The summit comes at an especially critical time for Canada, which is facing a money laundering problem that is “far bigger than we think”, says Kevin Comeau in this week’s Financial Post op-ed.
BC has taken a big step with plans to create the first public registry in Canada. Pressure is building on other provinces and the federal government to do the same.
============
…”When the panel asked FINTRAC for its collected suspicious-transaction reports on a country-by country and province-by-province basis, FINTRAC admitted it was unable to do either. Since the model’s first use in 2005, Canada is the only country whose intelligence agency for money laundering lacked such capability.”

https://www.cdhowe.org/expert-op-eds/why-canadas-money-laundering-problem-far-bigger-we-think-financial-post-op-ed

#144 James on 05.31.19 at 3:14 pm

#130 Smoking Man on 05.31.19 at 12:06 pm
Must be an election year.
Stats Canada last month reported the creation of 100k jobs.
Yet first quarter GDP growth was nothing. One of these stats are wrong.
https://tradingeconomics.com/canada/gdp-growth

Invest accordingly.
___________________________________________
First of all it is an election year here Old Man try to keep up with us. So thanks for the good investment advice coming from a lunatic fringe expat living in Socal. “Invest accordingly” is getting old like you! Why do you care about Canadian investors? You have no skin in the game here. Smart people follow rules such as Garths rule of 90 and in having a diversified portfolio. Have a 60/40 balance between growth and fixed income some in exchange traded funds or ETFs.
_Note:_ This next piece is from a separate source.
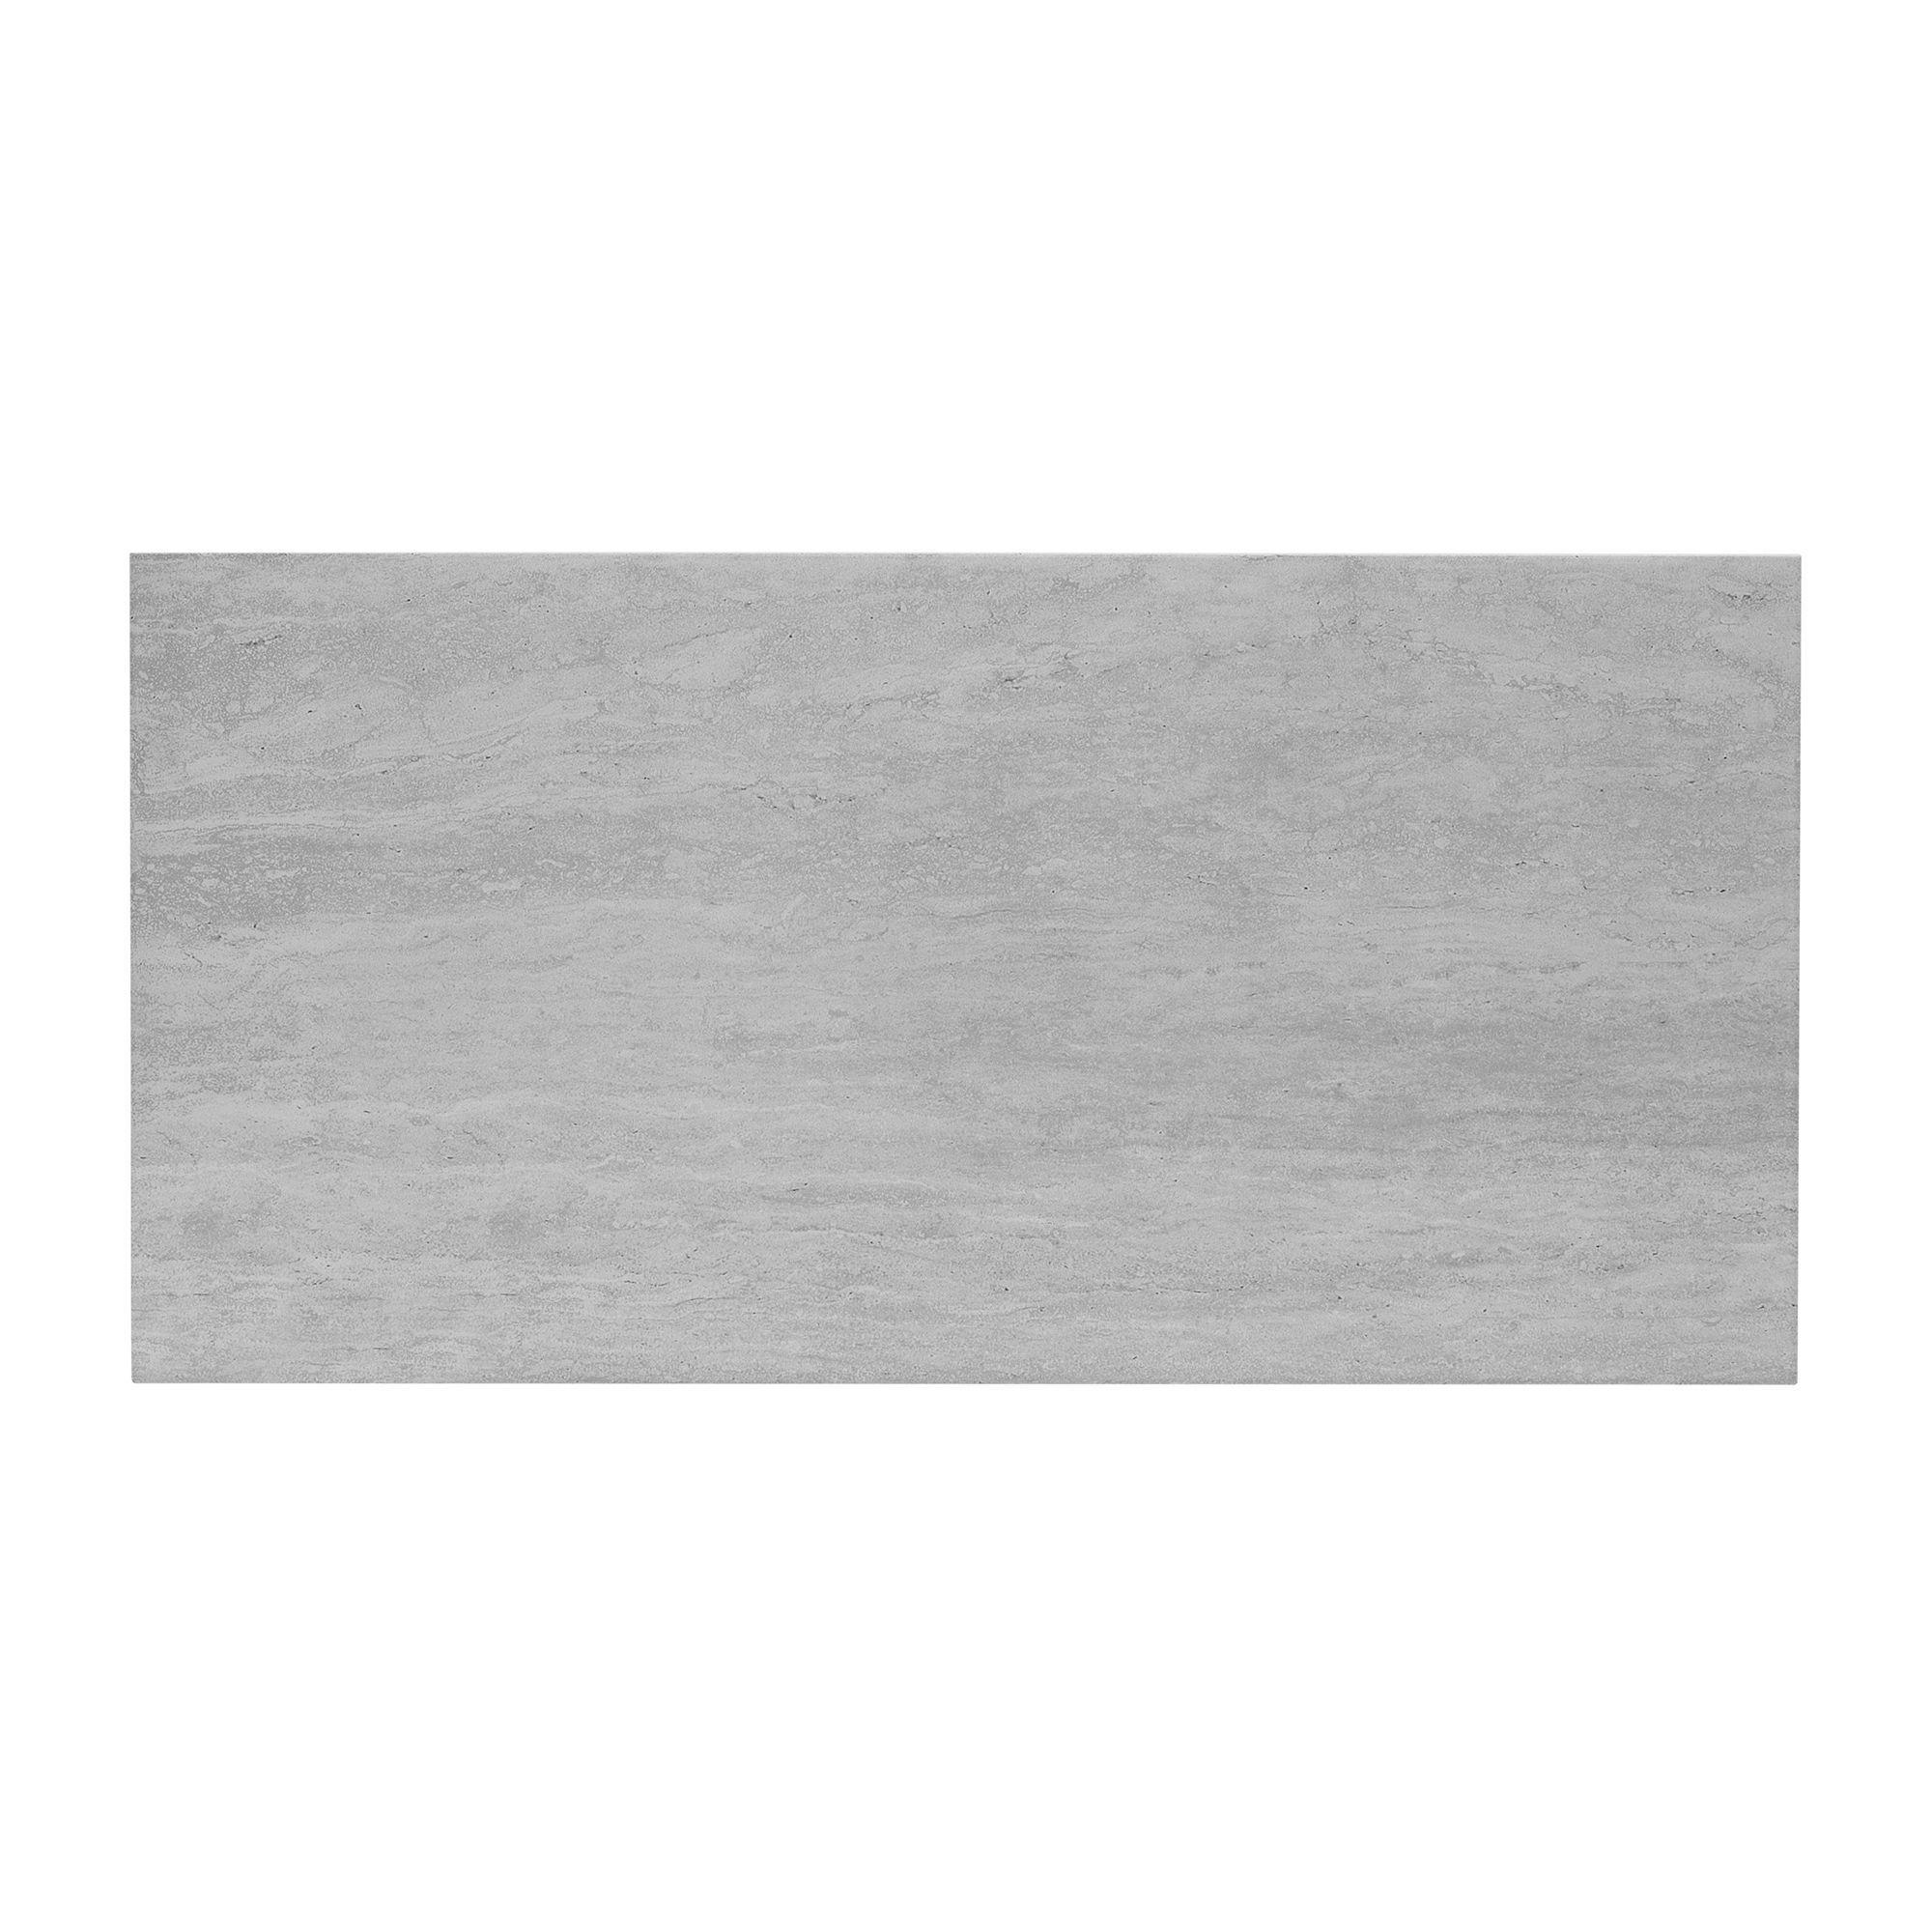 Bq Ceramic Kitchen Floor Tiles Origin Pebble Linear Travertine Ceramic Wall Tile Pack Of 8 L

Broaden your spectrum Old Man its not all in investing in the Orange Mans Emerald City. Besides you never know whats behind that curtain.

#145 Tony on 05.31.19 at 3:34 pm

Re: #134 Good advice on 05.31.19 at 1:06 pm

The first thing when you consider a move is income tax rates. Newfoundland is one of the most expensive in Canada if you have a large income.

#146 jess on 05.31.19 at 3:39 pm

speaking of blaming others :

“After the entire world watched as he tried to lay the groundwork for installing a Hungary-esque media landscape in his country with Russian help, he complained in his Saturday press conference of a campaign “from abroad.”

In an attempt to completely distort the situation, he expressed outrage about the hidden cameras that filmed him — without addressing the obvious: That the video would have been of no interest at all if he hadn’t spoken so clearly about his plans for reshaping Austria. The only source for the ignominy is he, himself. He built the boat, and he sank in it.

And yet, his entire statement of resignation was an attempt to share responsibility and assign blame to others.”

https://www.spiegel.de/international/europe/austria-strache-defense-lays-bare-the-right-wing-ideology-opinion-a-1268329.html

#147 jess on 05.31.19 at 4:32 pm

Dollar Tree adding alcohol to 1,000 struggling Family Dollar stores
Nathan Bomey, USA TODAY Published 8:43 a.m. ET May 30, 2019 | Updated 9:53 a.m. ET May 30, 2019

#148 Ubul on 05.31.19 at 4:55 pm

#146 jess on 05.31.19 at 3:39 pm

speaking of blaming others :

This is an interesting story. The Austrian politician was set up to meet at the party in Ibiza, by the introduction of a lawyer, with a sexy “daughter of a Russian oligarch” in Ibiza, who “wanted to invest in Austria”.

There are hours of recordings, the guy is drunk. This was taking place 2-3 years ago, when I believe he was not even elected to his current office, the video strategically surfaced a few days before the EU elections. An organization supposedly bought the video for 600K euro. The fake daughter was paid with golden coins from South Africa.

The entire story is very similar how the Trump campaign was targeted, using a variety of international actors to fall for a Russian collusion trap, except Trump didn’t take the bait.